Directions for this task: Type the data below again exactly. Omit all pictures.

Available data START

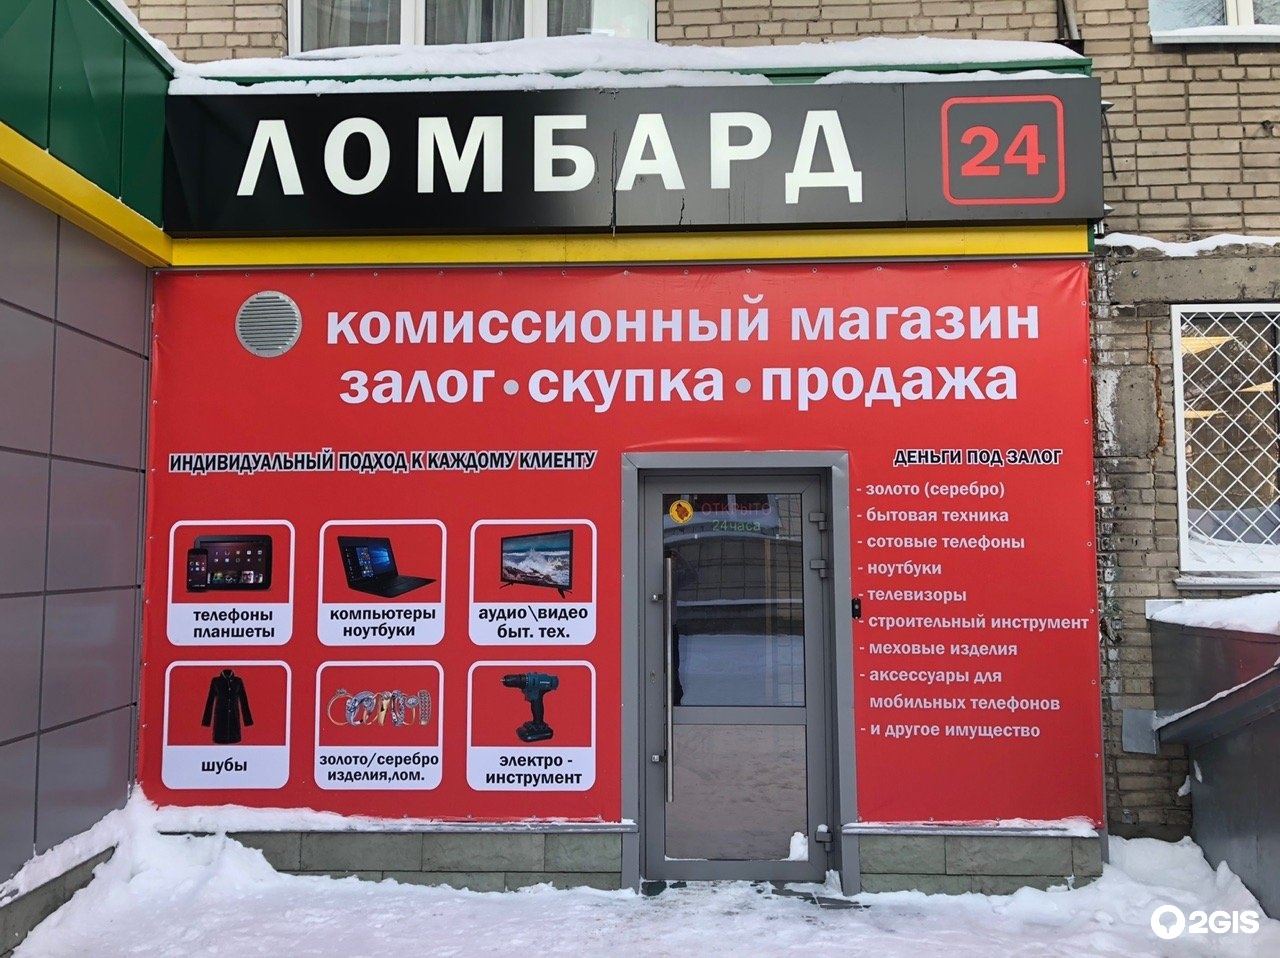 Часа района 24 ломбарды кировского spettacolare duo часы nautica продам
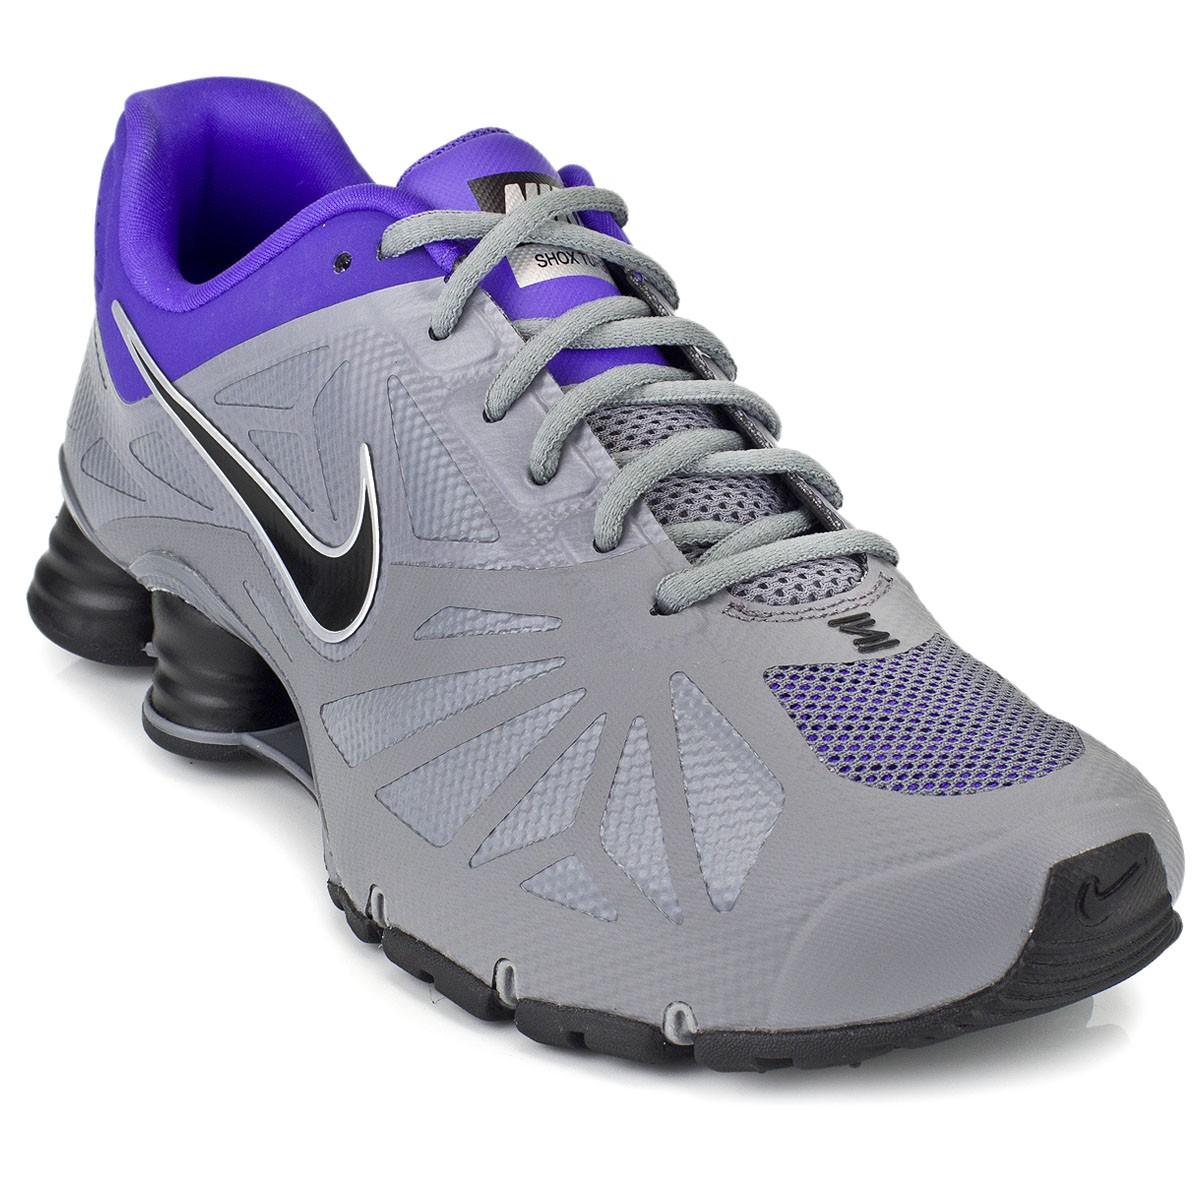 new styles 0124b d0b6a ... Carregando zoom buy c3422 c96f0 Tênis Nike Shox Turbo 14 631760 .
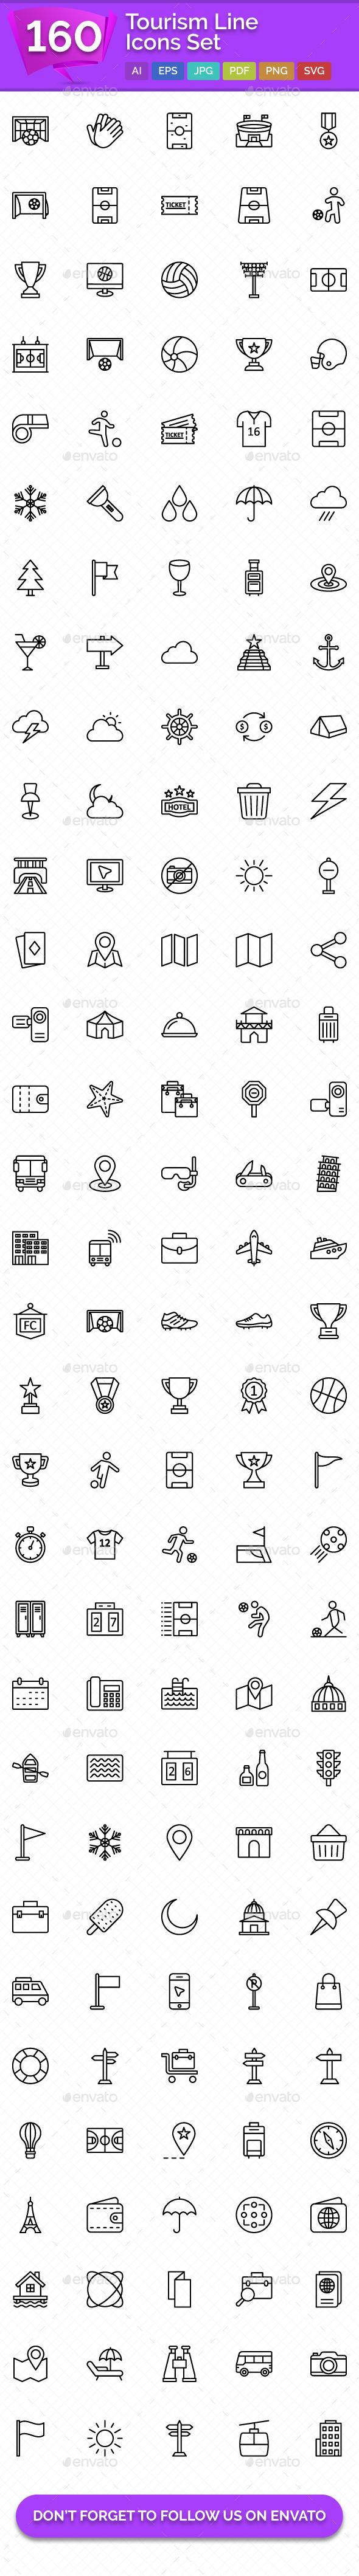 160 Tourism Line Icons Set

Available data END

Response box:
 Часа района 24 ломбарды кировского spettacolare duo часы nautica продам
 new styles 0124b d0b6a ... Carregando zoom buy c3422 c96f0 Tênis Nike Shox Turbo 14 631760 .
 160 Tourism Line Icons Set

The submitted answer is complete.